The lighting collided into one genlock and quickly fanned out to the other darkspawn in a sparkling web, lighting up the determined faces of guards and militia alike as they charged forward, blades held high and cries of victory on their lips. Arrows and bolts rained down from the heavens and warriors fell on the darkspawn with a fury Lee had never seen before. Steel glinted and shields crashed; in their wake followed the squelching sound of bodies being torn asunder and a wretched, diseased smell.
The battle was short, brutal, and incredibly anticlimactic. Where once had stood a small handful of darkspawn now lay a steaming pile of limbs and piecemeal armor. It was horrifying and no matter how she tried the mage could simply not tear her eyes away. Body shaking she stood still and silent, face pale and gaze blank, until an arm reached out and latched onto her shoulder. Flinching she twisted round to meet the solemn stare of one of the few knights who had been in the square, brow furrowing in confusion as he jerked his head once in the direction of the lake.
Straining her eyes she looked in that direction but could not find what the man was gesturing towards. Turning back uncertainly, head cocked to the side, prepared to ask what he wanted she paused when he sighed and raised his other arm up to her nose and pointed. Going cross-eyed the mage jerked back, blinking, before following the line of his arm down and past the single extended digit. Grip still tight on her shoulder his head lowered down, close enough that she could feel his breath brushing across her ear, and whispered, “There. One of yours?”
She had no idea what the knight was talking about, nothing was there, or at least nothing that she could see. Taking a deep breath she took one step forward, closer to the chaos milling around the downed darkspawn, as she tried to catch sight of whatever or whoever it was that the knight beside her was so intent on pointing out. Her mounting frustration at her own inability was painted across her face and the raspy chuckle drifting from the man next to her wasn’t helping her mood. Was this not some serious issue that he was trying to point out to her?

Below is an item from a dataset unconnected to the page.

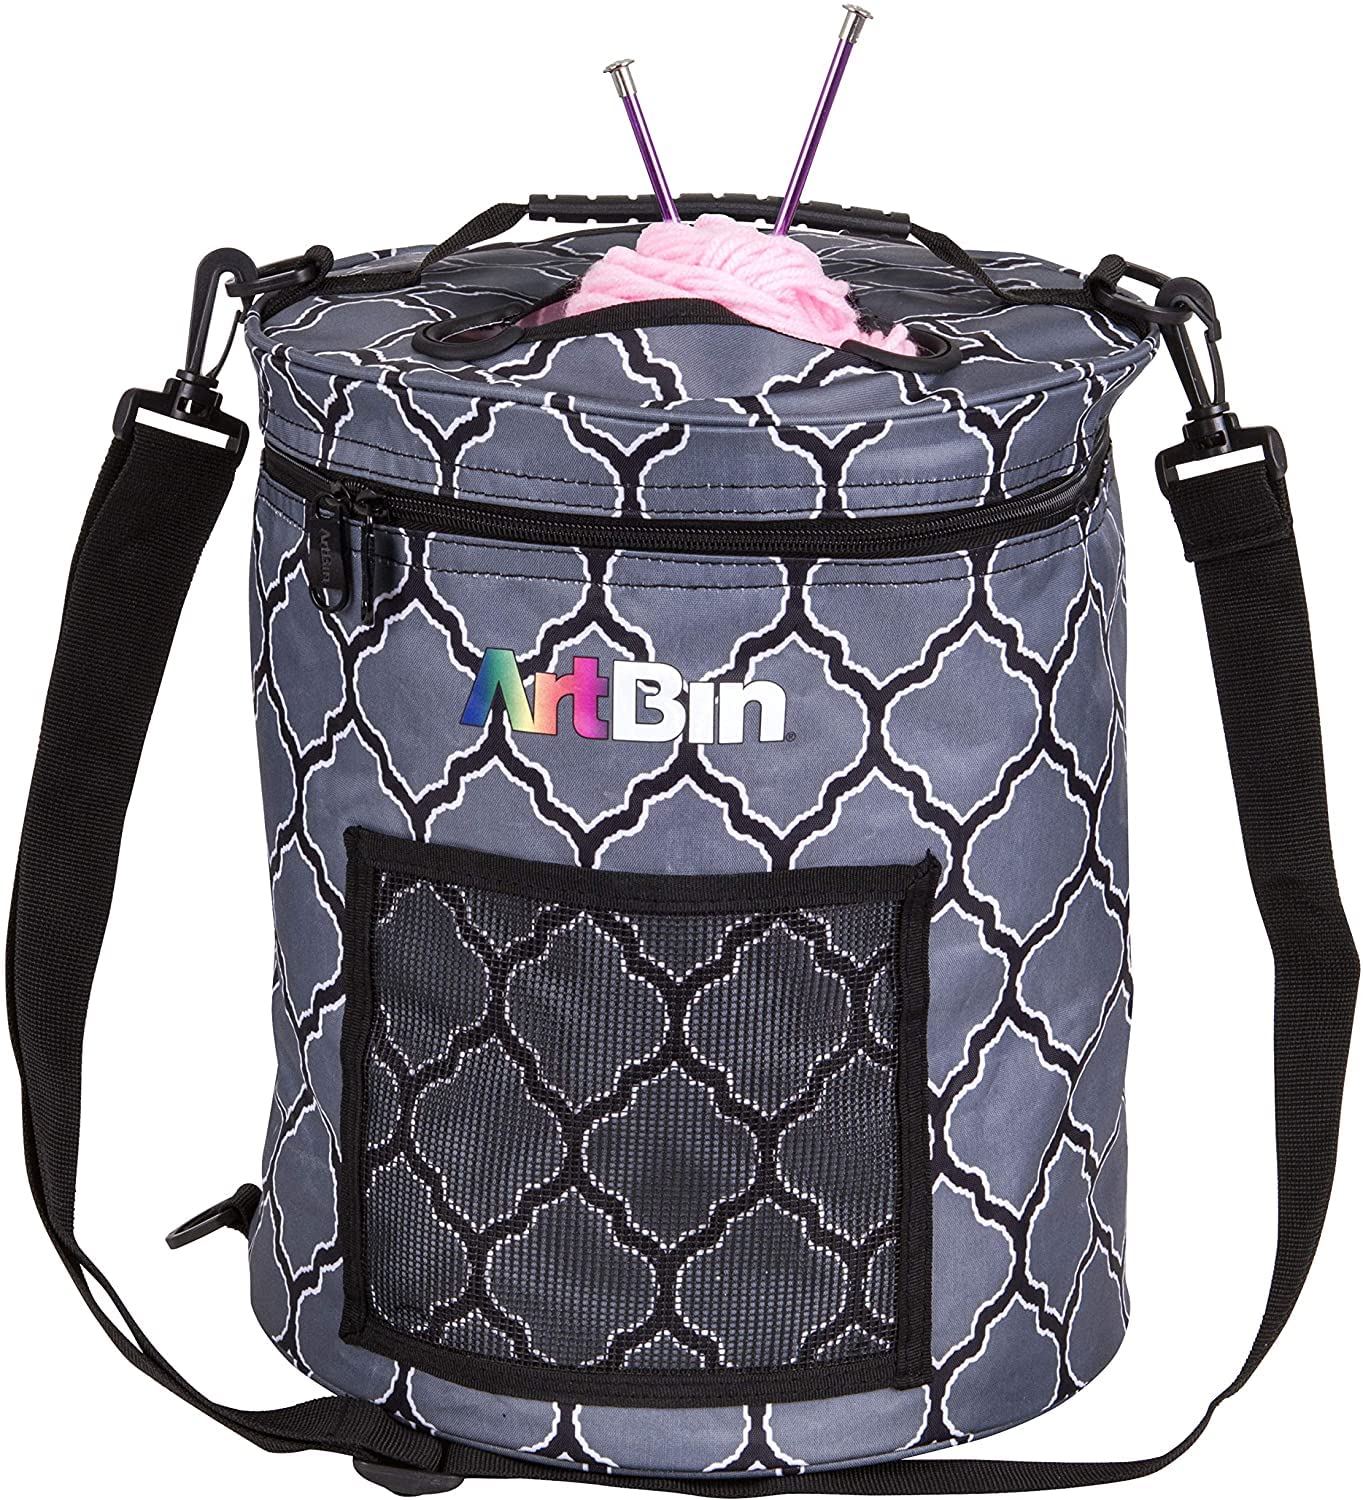 ArtBin 6804SA Yarn Drum, Portable Knitting & Crochet Storage, [1] Poly Canvas Tote Bag, Gray Print

One blink later there was a mass darker than the others in the middle of the shadows that continued to grow larger by the second. Slowly the form of a helm appeared and then the shoulders under that and… the shape of the body was all wrong. Drifting forward in a daze her features melted into shock as, what had to be, Ser Talfryn approached. Nestled in his arms was a limp golden haired body. Hilda her mind cried, Hilda had fallen. The only thing keeping her in place, keeping her standing, was the hand that remained locked around her shoulder.
Throat catching on little more than air she staggered forward when the form lurking behind Ser Talfryn came into view. Standing as tall and proud as Lee had ever seen her, with hair that somehow still managed to gleam like sunlight in the shadows, was Hilda. Walking. Alive. Well. The question then was whose body was clutched so securely to Ser Talfryn’s breast? It was answered shortly as the crowd parted, painfully silent with every eye downturned in respect, and gave way to the knight and the awful load he carried. A face that Lee had seen rich with life and vigor only moments earlier before the battle now lay slack in death.